高層マンションが並ぶ首都ハノイの新興住宅街。ベトナムは建設・不動産分野のM&Aも活発だ(AP)【拡大】
ベトナムは、外国企業による地場企業へのM&A(企業の合併・買収)が活発化している。同国計画投資省外国投資局によると、2017年1~5月の外国企業によるM&A総額は18億ドル(約2004億円)に達し、前年同期と比べ倍増した。外国企業がM&Aを通じて同国に参入する動きが強まっているもようだ。現地紙サイゴン・タイムズなどが報じた。
同期の外国企業によるM&A件数は合計2016件に上る。参入分野は建設・不動産業や製造業、サービス業など多岐に渡る。
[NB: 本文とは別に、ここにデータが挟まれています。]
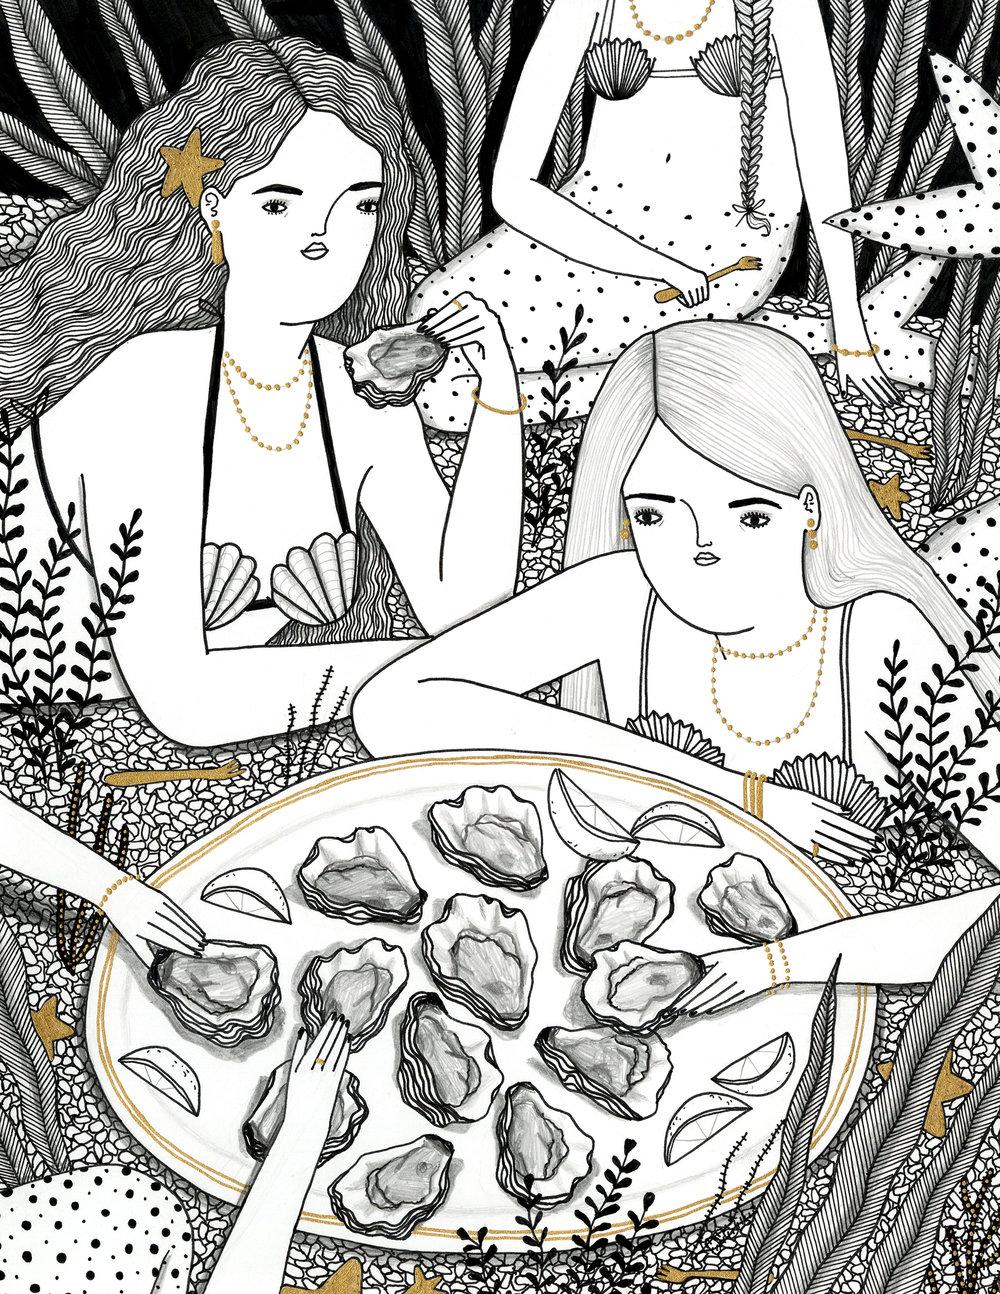 Oyster Mermaids

タイの複合企業サイアム・セメント・グループは今年3月、地場セメント会社のベトナム・コンストラクション・マテリアルを1億5600万ドルで買収した。同月は、韓国の食品大手CJチェイルジェダンも地場食品加工会社を買収している。同社は過去1年間に地場食品メーカー3社を買収したことになる。
建設・不動産分野では、大型商業施設や住宅、ホテル、工業団地などの建設事業への参入をはじめ、既存の不動産経営への関与を強める外国企業が増えている。シンガポールの不動産大手ケッペルランドは今年3月、傘下企業を通じてベトナム最大都市ホーチミンで進めている不動産開発事業を加速するため、地場合弁企業への出資比率を引き上げたことを明らかにした。
米不動産サービスのジョーンズラングラサールのベトナム法人は、ベトナムの不動産分野での外国企業による地場企業のM&A総額は今年、過去最高を更新すると予測する。